Thus, Pandas `DataFrame` objects are useful for many attribute data transorfmation operations.

To convert a NumPy `ndarray` to a Pandas `DataFrame` we pass the array into the <a href="https://pandas.pydata.org/docs/reference/api/pandas.DataFrame.html#pandas.DataFrame" target="_blank">`DataFrame`'s constructor</a> function helpfully named `DataFrame()`. The constructor function expects the NumPy `ndarray` and a list of column labels as arguments. 

Let's quickly recap our data structures after we have performed several raster transformation operations to the GeoTIFF files. We have an `ndarray` object, `tabular`, which is a 2-Dimensional NumPy `ndarray` representing 256 x 256 pixel images in a tabular structure with pixels aligned down the rows (0-axis) and bands aligned along the columns (1-axis). 

In [None]:
print(f"tabular is of type {type(tabular)}")
print(f"tabular is an ndarray with shape {tabular.shape}")

In [None]:
# convert ndarray to Pandas DataFrame
s2_bands = ['B01', 'B02', 'B03', 'B04','B05', 'B06', 'B07', 'B08','B8A', 'B09', 'B11', 'B12']

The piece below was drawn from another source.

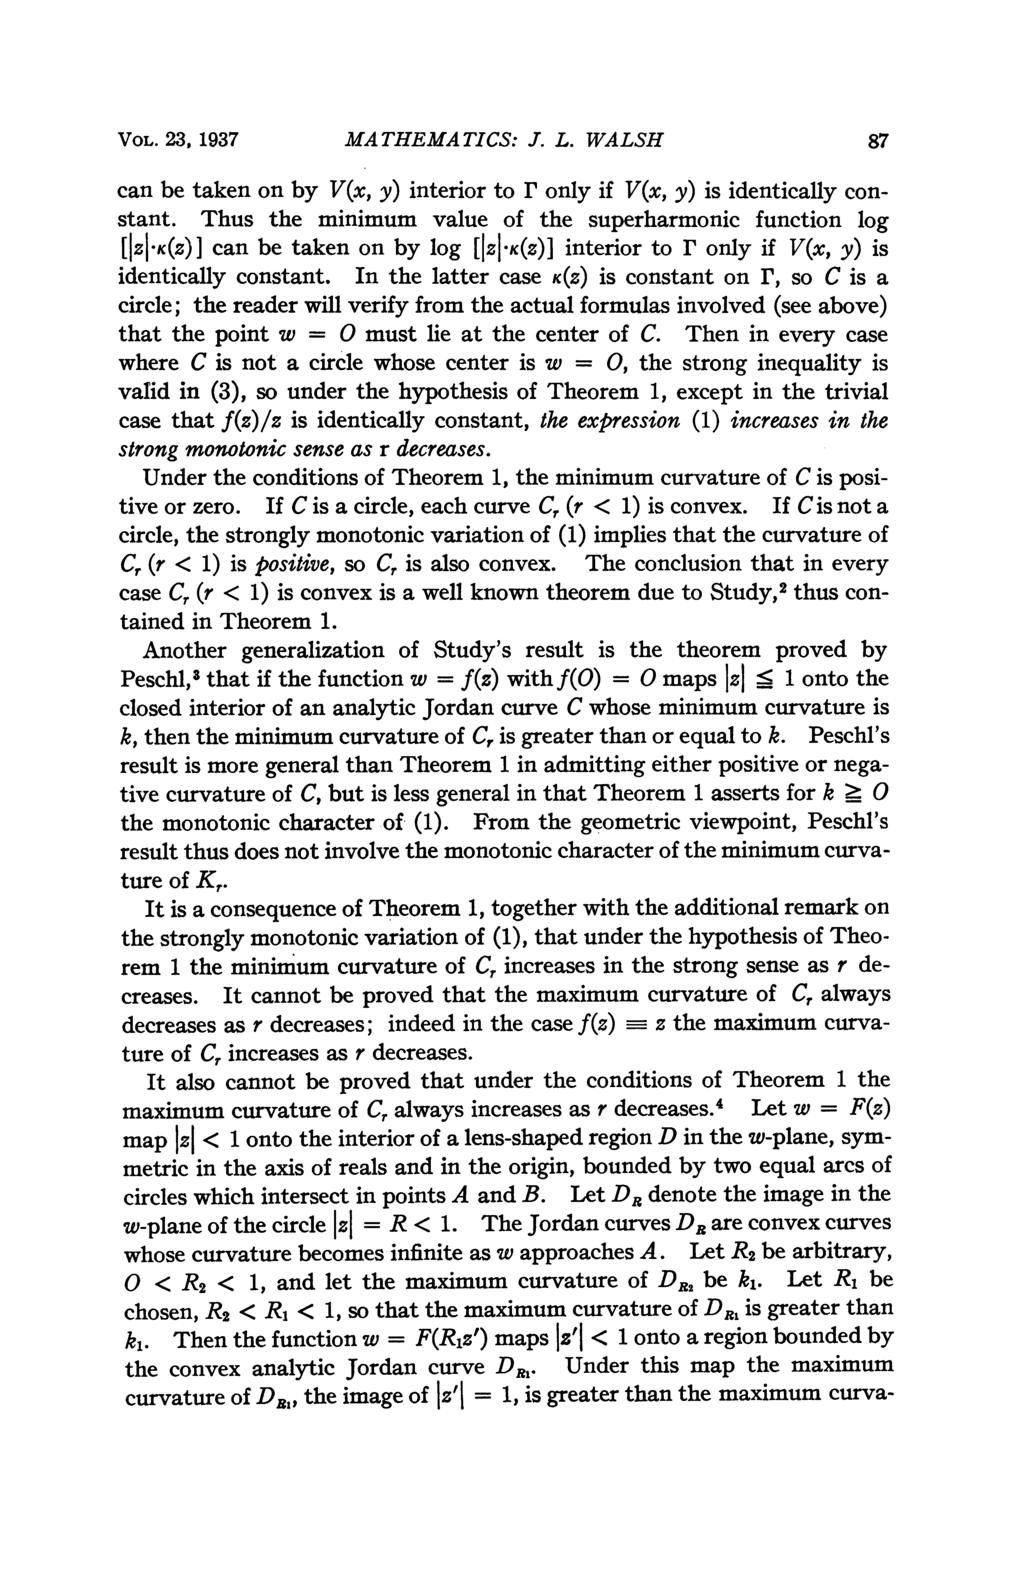 VOL. 23, 1937 MATHEMATICS: J. L. WALSH 87 can be taken on by V(x, y) interior to r only if V(x, y) is identically constant.

# create a DataFrame object from the first element in tables
tmp_df = pd.DataFrame(tabular, columns=s2_bands + ["ndvi", "field_id", "labels"])
tmp_df.head()

Looking at the `DataFrame` we can clearly see some `NaN` values in the `field_id` column. As each row in this `DataFrame` represents a pixel in the image, rows with `NaN` values in the `field_id` column are pixels which don't have a crop type label. Therefore, we can drop them using the <a href="https://pandas.pydata.org/docs/reference/api/pandas.DataFrame.dropna.html" target="_blank">`dropna()` method</a> - this will drop all rows from the `DataFrame` where there is a `NaN` value.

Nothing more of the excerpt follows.